Low-density lipoprotein receptor deficiency reduced bone mass in mice via the c-fos/NFATc1 pathway.

AIM

The low-density lipoprotein receptor (LDLR) plays a crucial role in regulating lipid metabolism. However, whether LDLR deficiency affects bone mass and morphology remains controversial. This study aimed to analyze the bone phenotypes of LDLR knockout (LDLR) mice.

MAIN METHODS

Eight-week-old LDLR and wild-type (WT) mice were subjected to microcomputed tomography to detect bone phenotypes. Enzyme-linked immunosorbent assay kits were used to detect the serum estrogen levels and matrix metalloproteinase 9 (MMP-9) levels in tissue homogenates. Von Kossa, toluidine blue, tartrate-resistant acid phosphatase (TRAP) staining, and calcein labeling were performed to explore bone turnover parameters. In vitro, osteoclastogenesis was induced in bone marrow cells from LDLR mice and WT mice in the presence or absence of 17β-estradiol. The microphotographs and number of osteoclasts were validated using TRAP staining.
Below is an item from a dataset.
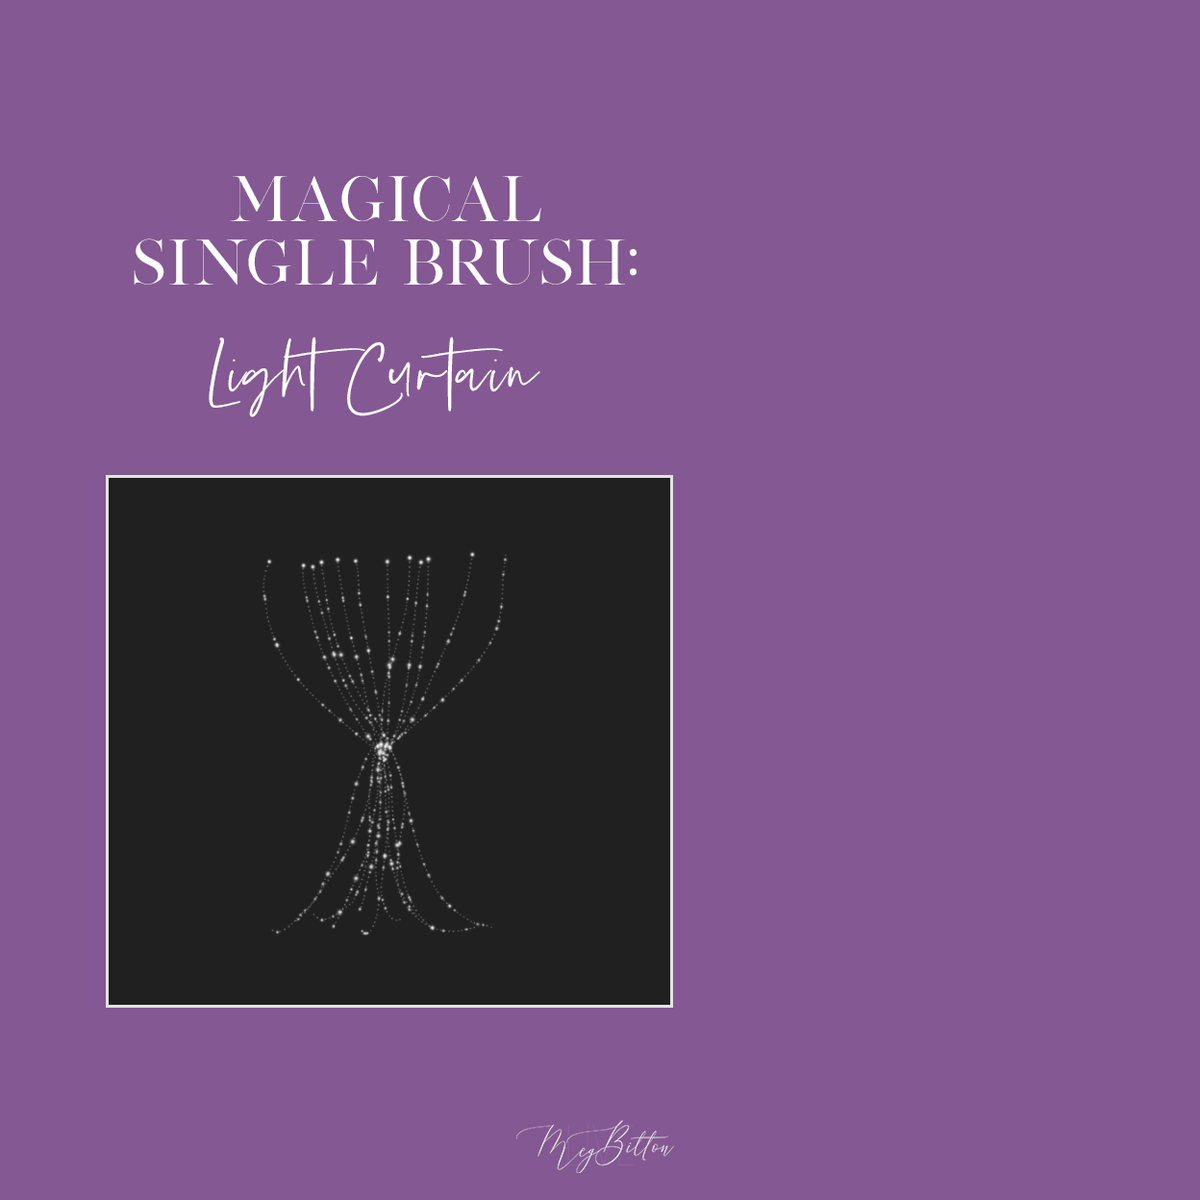 Magical Single Brush - Light Curtain - Meg Bitton Productions
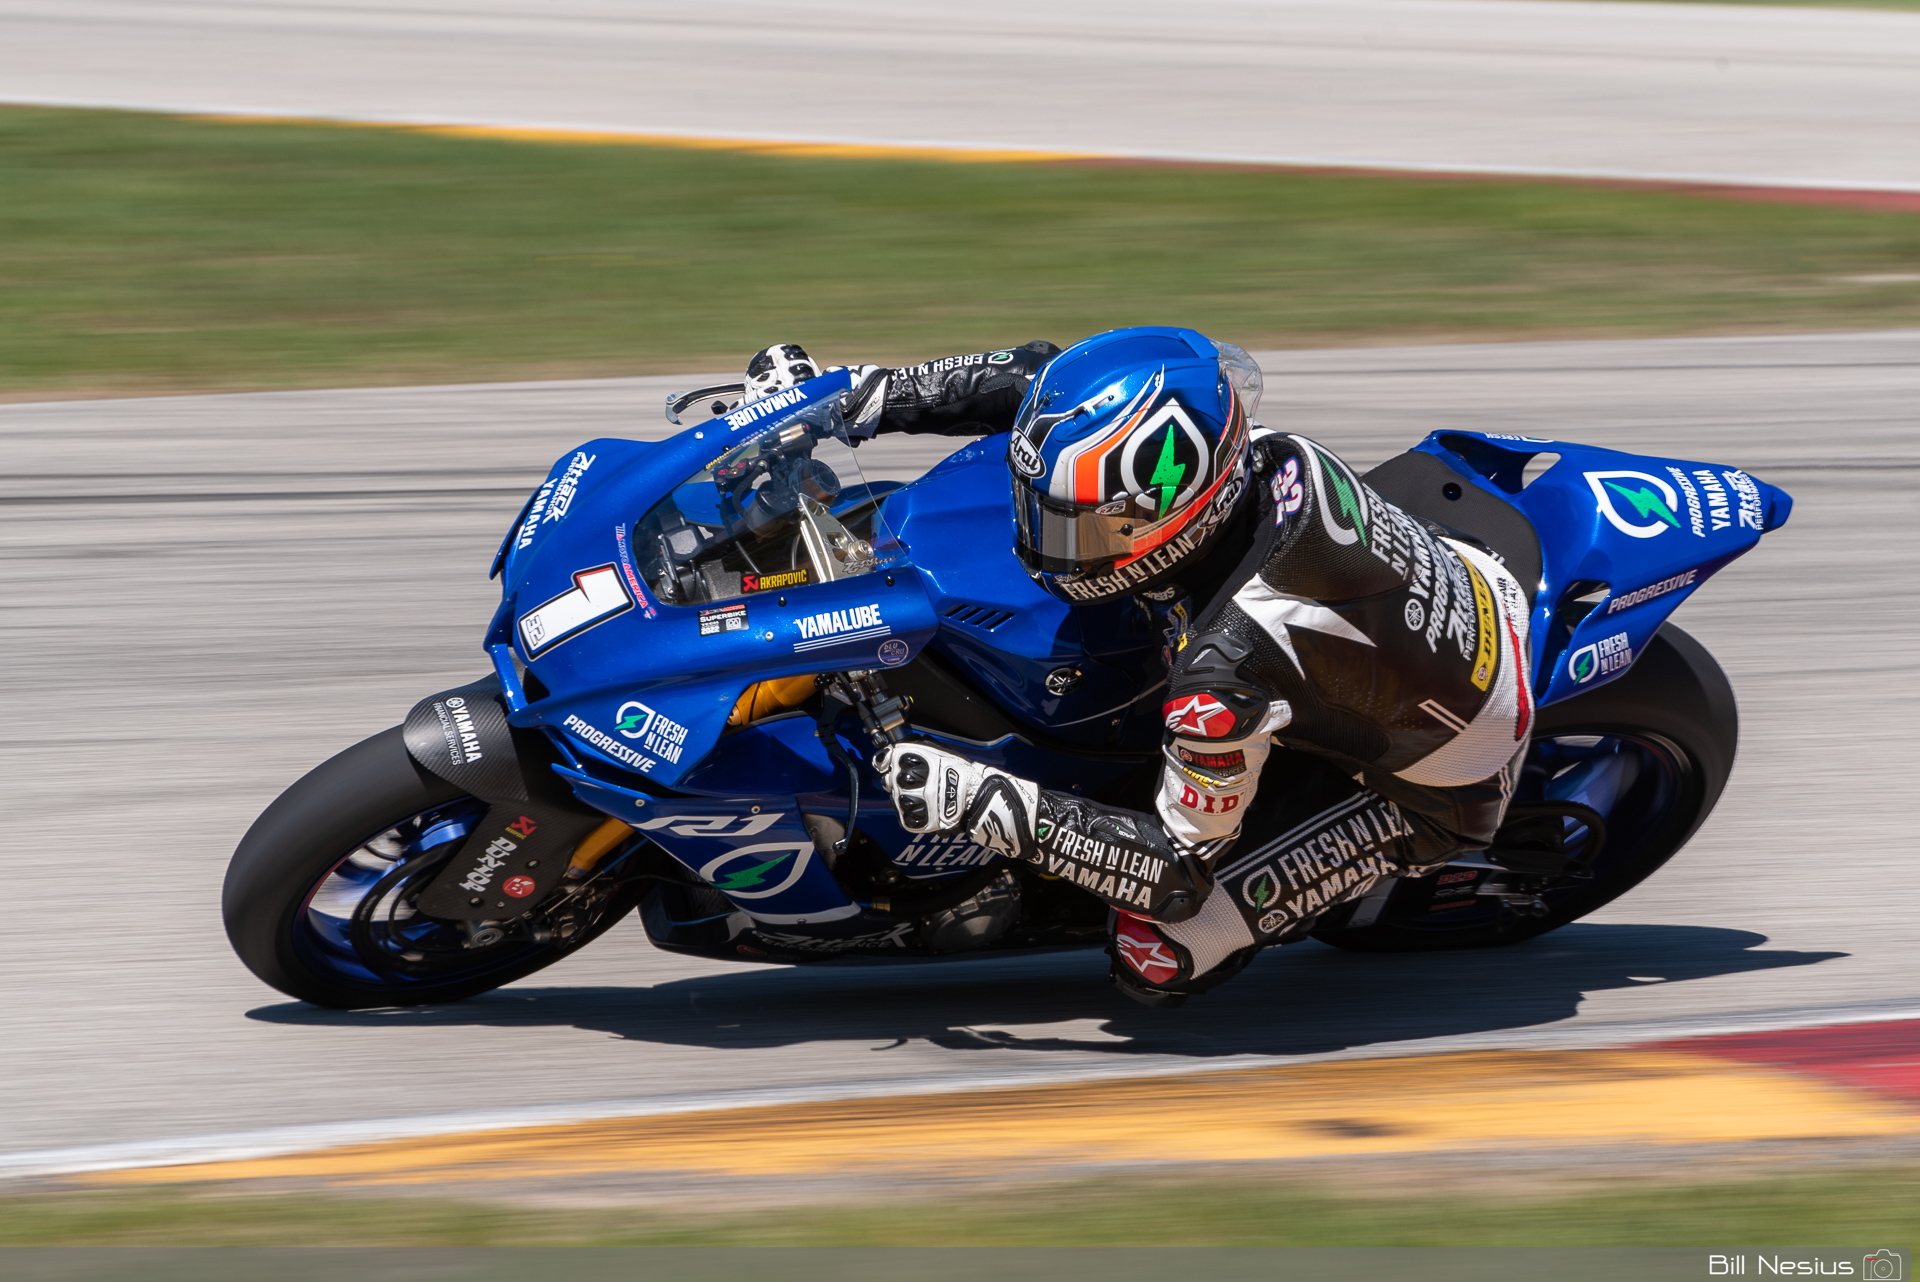 Jake Gagne on the Number 1 Fresh N Lean Progressive Yamaha Racing Yamaha YZF-R1 / IMG_4271 / 4

Relative gene expression during osteoclast differentiation and maturation was determined by quantitative real-time polymerase chain reaction.

KEY FINDINGS

LDLR deficiency results in reduced bone mineral density of the tibial cancellous bone, indicating bone loss to some extent in LDLR mice. LDLR deficiency significantly increased the number of osteoclasts, but not osteoblasts. In vitro, bone marrow cells from LDLR mice displayed enhanced osteoclastic potential along with increased expression of TRAP, cathepsin K, nuclear factor of activated T-cells 1 (NFATc1), c-fos, and MMP-9 and inhibited dendritic cell-specific transmembrane protein expression. Moreover, 17β-estradiol treatment can inhibit osteoclastogenesis in vitro.

SIGNIFICANCE

Our data demonstrated that LDLR deficiency promoted osteoclastogenesis by upregulating c-fos and NFATc1 expression, reducing cancellous bone mass in LDLR mice.